Everything routes through that single tree state. There's no hidden parallel state for the canvas. Whatever the JSON says, that's what's on the screen.

What I'd change if I started over

A few things would be different in a v2:

• TypeScript from the start. The JSON-tree shape is dynamic, but the schemas are well-defined enough that they'd benefit from types. Today they're documented by example.
• Schemas as the source of truth for renderers. Right now the schema (props the editor knows about) and the render function (props the canvas/preview actually uses) are kept in sync by hand. A v2 could derive both from one declaration.
• Tree as a flat map. Recursive immutable updates are O(depth) per change. A Record<id, node> plus a Record<id, childIds> would let every mutation be O(1).
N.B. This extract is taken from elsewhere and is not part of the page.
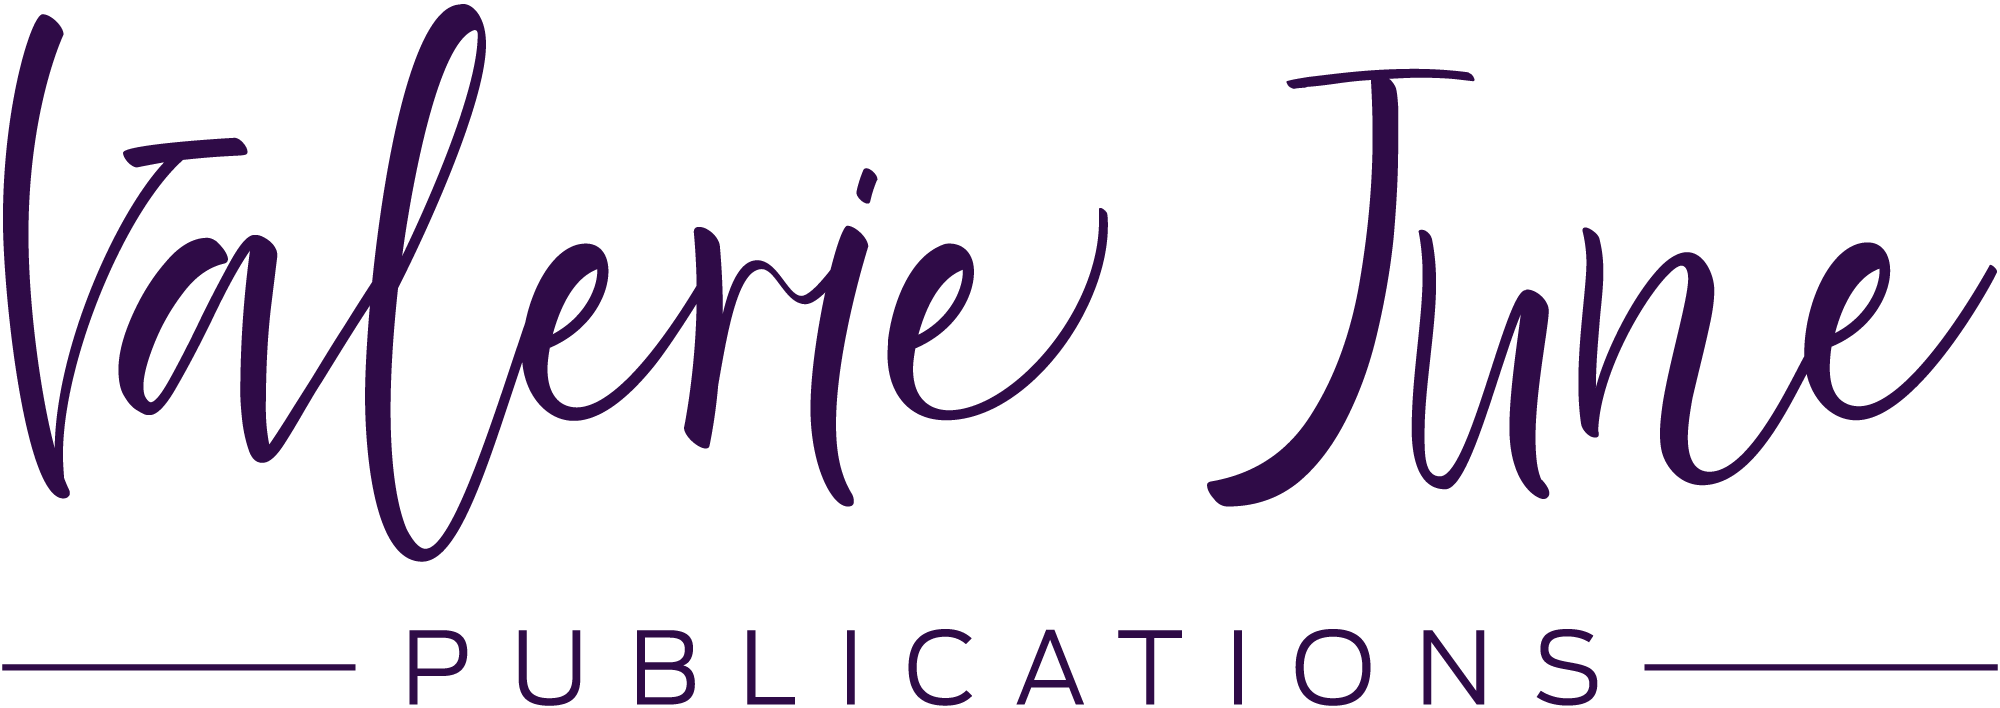 valerie june publications logo

None of these are urgent — Bombie is small enough that the recursive walks finish in microseconds — but they're the directions a serious version would take.

What's next

In the next post I'll walk through adding a brand new component to Bombie end-to-end, covering exactly the five files you need to touch and showing how makeLeafComponent / makeContainerComponent keep the additions small. After that, a final post on the operational lessons — SPA deep links on GitHub Pages, the CSP-per-mode setup, and what bombie-three.vercel.app actually does on a cold load.

If you want to follow along, the repo is at github.com/amith-moorkoth/bombie and PRs / issues are welcome.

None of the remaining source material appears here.